貴族時代の経験、そしてギルドでの実戦的な運営力。その両方が、今、戦場を支えていた。
「クラリッサさん、やばい! 右から、あれ――ボアじゃない、もっとでかい……!」
前線の若者が叫ぶ。そこに現れたのは、全身を硬い鱗で覆われた巨大なモンスター、オールド・スケイルウルフ。

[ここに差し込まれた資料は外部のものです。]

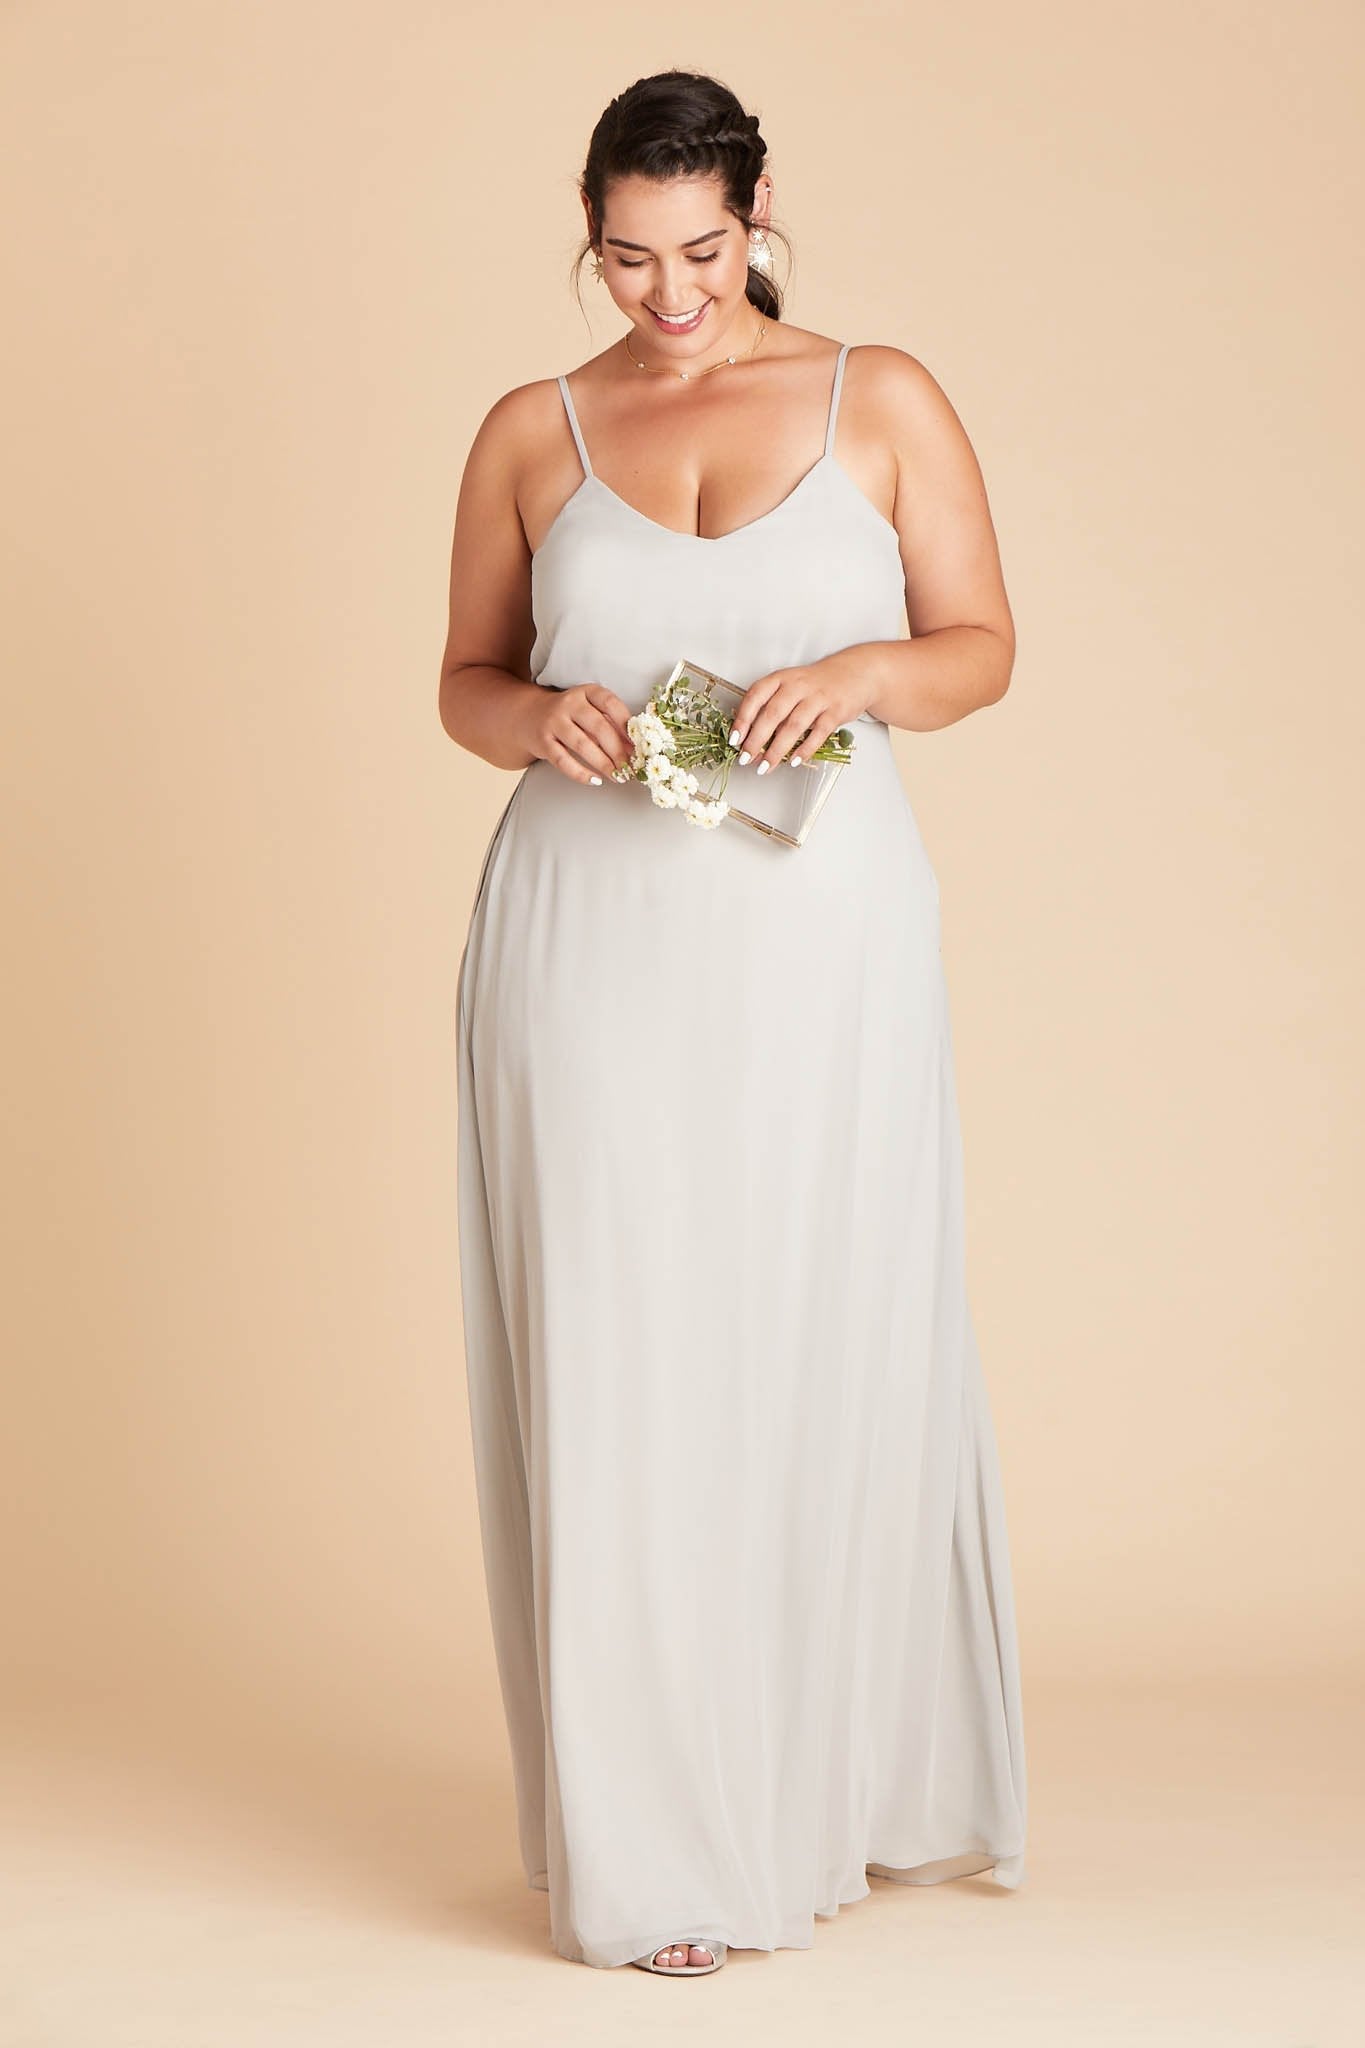 Gwennie plus size bridesmaid dress in dove gray chiffon by Birdy Grey, front view

「耐えられない! こっちにはタンクも足りてないのに!」
後方にいたエドガーが、剣を抜いた。だが、それより早く――
「下がれ、全部下がれッ!」
クラリッサが叫んだ。
彼女は腰の後ろから、古びた銀の指輪を取り出す。
「……“炎よ、我が手のひらにて牙を成せ”――」
その指輪は、彼女がかつて家にいた頃、叙爵の証として授けられたものだった。
「“フレイム・レイピア”!」
空中に赤い閃光が走り、クラリッサの手に炎の剣が生まれる。
「嘘だろ、クラリッサさんって、魔法剣士なの……?」
誰かが呟いたが、彼女はそれを無視して、一歩前に出た。
そして、叫ぶ。
「“お嬢様”なんて呼ばれるのはごめんだけど――」
「誰かが前に立たなきゃ、皆が死ぬ。それなら、あたしが行くしかないじゃない!」
スケイルウルフが咆哮する。だがクラリッサは怯まない。
後方支援? 受付嬢? そんな枠に、もう彼女は収まらない。
「ギルドの受付は、あんたたち全員の命と生活、守る場所なんだよ!」
彼女は真っすぐに駆けた。まるで、昔の自分と決別するように。